The amount of health coaching time spent per patient was derived from interaction forms that health coaches completed after each encounter. The health coaches were paid $19 per hour, plus benefits (30% of the FTE). The coaching program included 40 hours of training time for each health coach and the course trainer. In addition, there was ongoing mentoring and observation, estimated at 1 hour per month per coach and the trainer. Because wages are higher in San Francisco compared with the national median, cost analyses were also run using median salary data from the Bureau of Labor Statistics, which was $13.28 per hour, plus an additional 30% for benefits. The coaches shared an office of 222 square feet, which was the equivalent of three 8×9 cubicles with additional filing space; this space is consistent with government benchmarks.18 Office space was valued at a cost of $25 per square foot. Accounting databases from San Francisco General Hospital were queried to estimate the costs associated with telephones ($24/FTE/month), computer hardware, network and support ($90/FTE/month), and supplies ($50/FTE/month).
Healthcare Utilization and Costs
Our second goal was to determine the budgetary impact of the health coaching program. We tested whether the added costs of the coaches were offset by any savings in healthcare utilization within 1 year. Utilization data were obtained from clinics, health systems, and insurers. Of the 2 clinics involved in this trial, one (Site A) was an independent federally qualified health center; we obtained utilization data for primary care services from its practice management and pharmacy system. At the second clinic (Site B), utilization data—including primary care, specialty, inpatient, and emergency department (ED) care—were drawn from the health system.
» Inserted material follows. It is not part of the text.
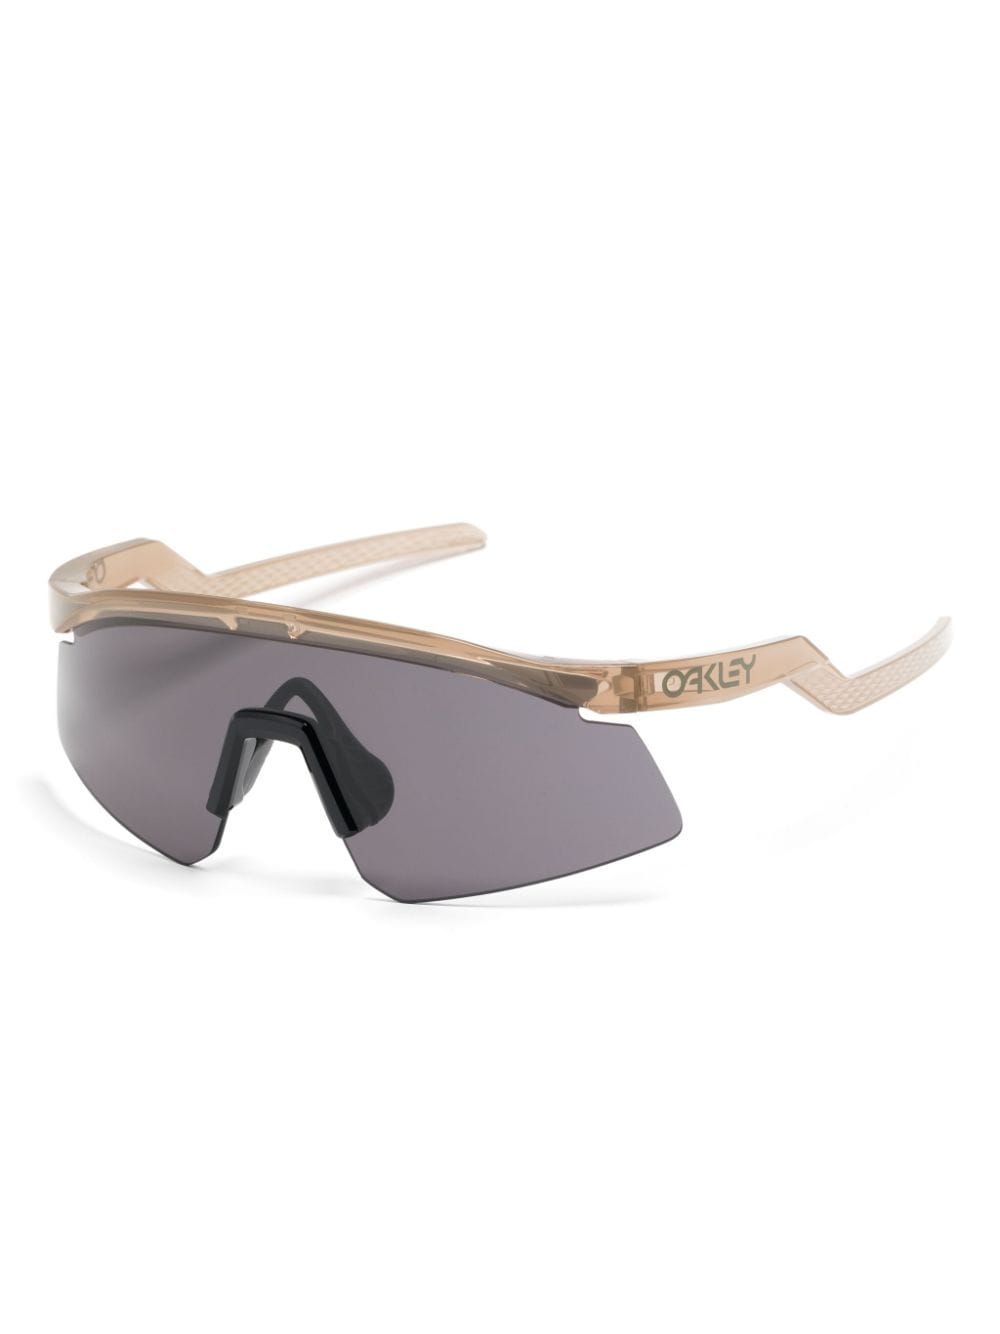 Oakley Hydra shield-frame sunglasses - Beige

The inpatient and ED care for Site A that occurred within the health system were also available through this data set; however, pharmacy data were not available for Site B. Visits to external hospitals and EDs were identified through patient report, and diagnosis and visit information was abstracted from discharge reports. For the utilization data, we estimated Medicare payments based on Current Procedural Terminology codes, when available. California Medicaid (MediCal) estimated payments were used for services not covered by Medicare, namely maternal services.
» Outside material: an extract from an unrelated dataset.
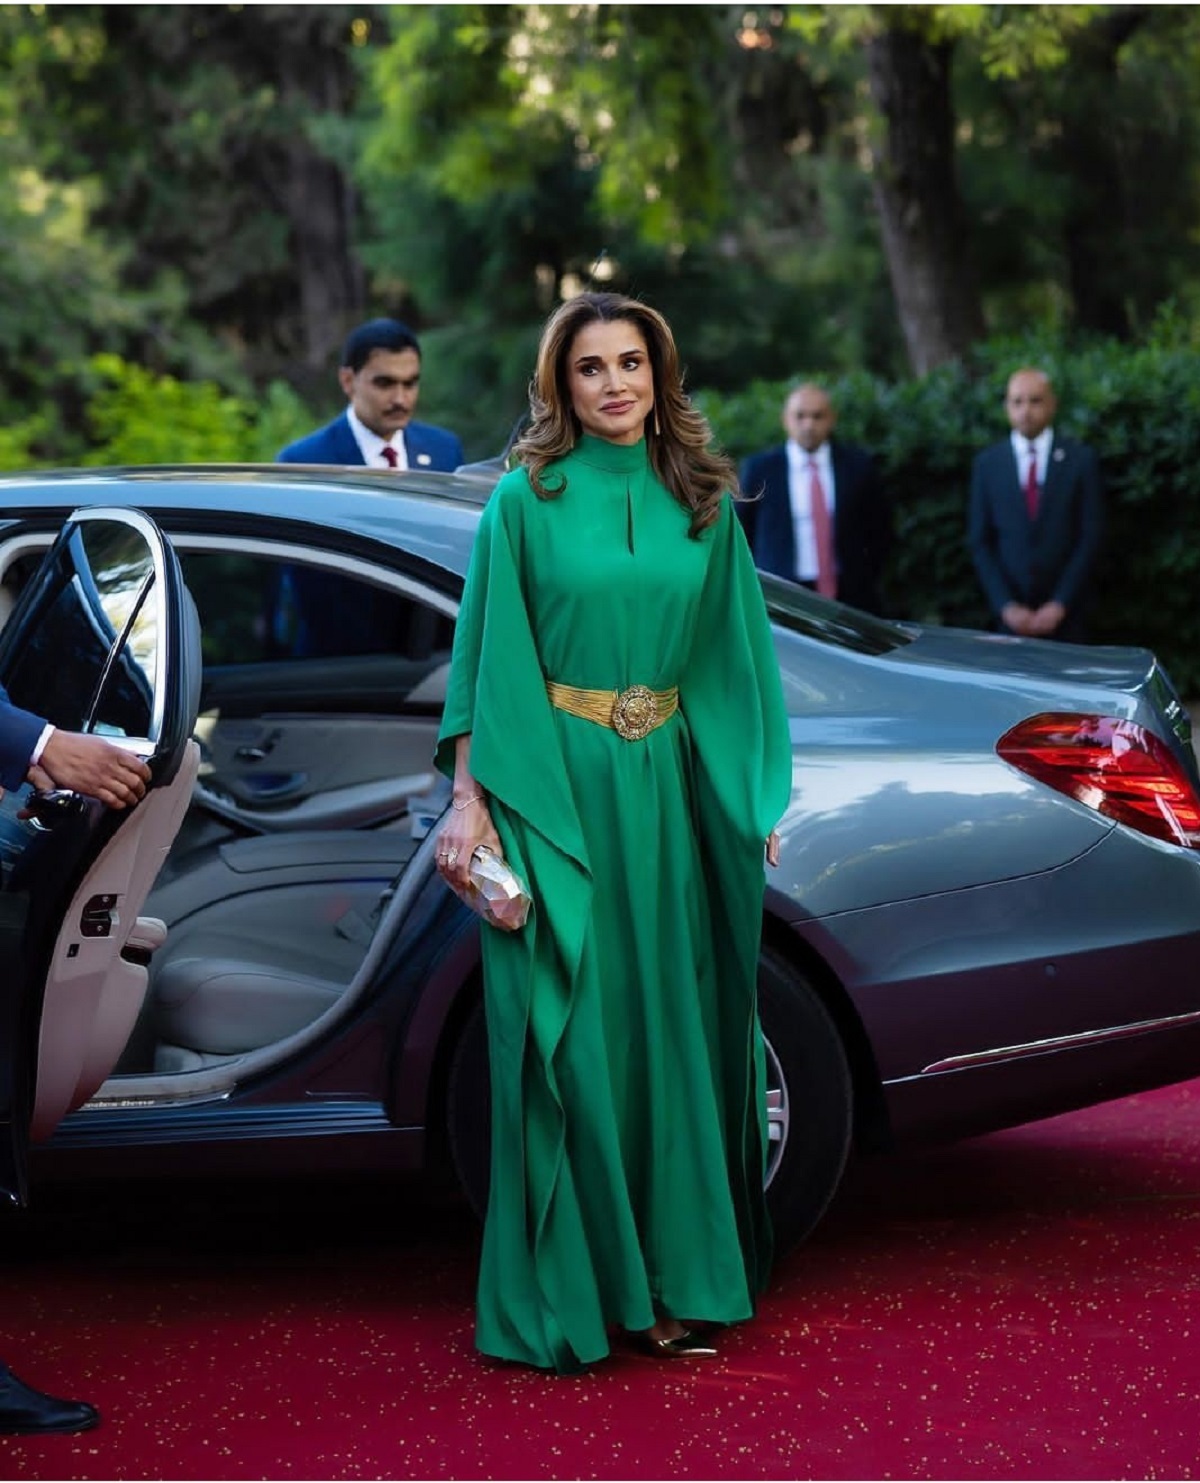 ملکه رانیا، همسر عبدالله دوم پادشاه اردن

Payer information was also collected for 239 participants who were covered under either MediCal or Healthy San Francisco, a local health insurance system funded by the county. This data set included inpatient, ED, outpatient, and pharmacy claims across all reporting hospitals and clinics. Of these 239 patients, 192 were covered by one of these programs for at least half of the year (at least 182 days). These data included payments or charges. To estimate costs, we used payments when available; otherwise we cost-adjusted the charges using Medicare’s hospital-specific cost-to-charge ratio.
In total, the analysis pooled utilization data from 5 data sets. We extracted data for the year prior to the intervention and for the year following randomization. We standardized costs to 2013 using the US general consumer price index. Given the possibility of duplicate records across these data sets, we examined claims for an individual based on dates, and we examined records based on the providing clinician and date. All data cleaning was blind to treatment assignment.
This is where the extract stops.